How does the place in which we teach literary works influence what we teach?

Join me, Matilda Gabrielpillai and Erin Woodford on this panel, as we share our experience of both institutional and non-institutional environments for teaching literature, and debate the possibilities and limitations that such contexts provide.

The session will be moderated by Philip Holden.

Date: Thu, 24 Nov 2016
Time: 7.30pm to 9pm
Venue: The Select Centre (Blk 231 Bain Street, #04-01 Bras Basah Complex, Singapore 180231)
Price: Pay as you wish at the door (suggested contribution $10)

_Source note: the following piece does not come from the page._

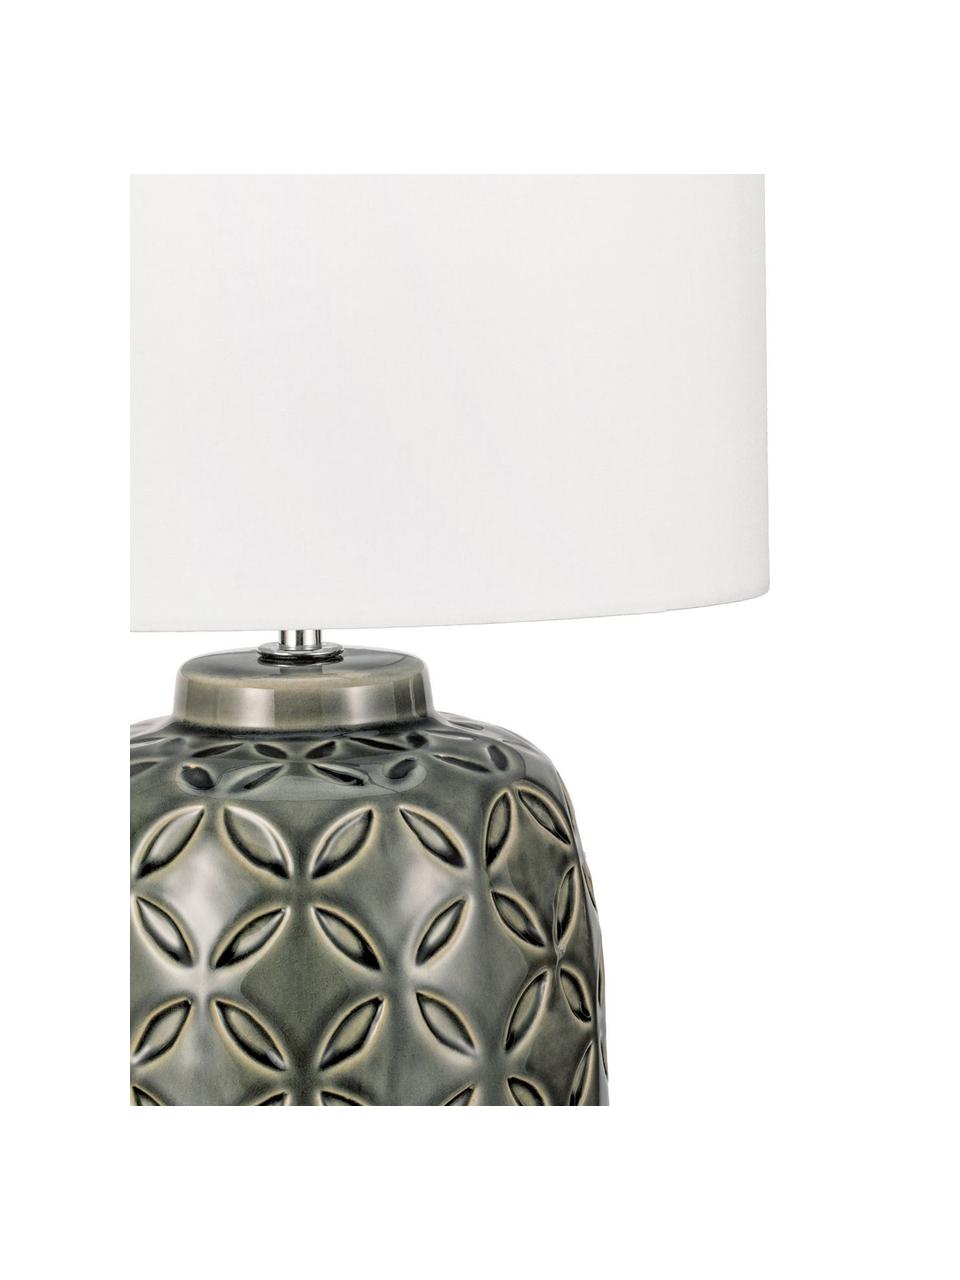 Keramik-Tischlampe Glowing Bloom, Lampenschirm: Stoff, Lampenfuß: Keramik, Grau, Weiß, Ø 25 x H 40 cm

*It’s shoes off at the space, so please dress comfortably!

Register at this link.
Join the Facebook event here.

Adventures in teaching Boom by Jean Tay (Part II)

Yikes! Very overdue but I’m going to post this regardless because I’ve been meaning to put it up.

How does Tay create an atmosphere of melancholy in this passage? Explain your answer with close reference to the passage.

So when we last left off, I was busy making the horses thirsty.

One of the ways in which I did so was to allow them to devise their own exam questions – in a structured manner, of course.

Without going into detail, I crafted the lesson with the objectives of making the students:

  1. Revise the question requirements for the O-Level exams; and
  2. Think about the issues in the particular passage, and thereafter the text.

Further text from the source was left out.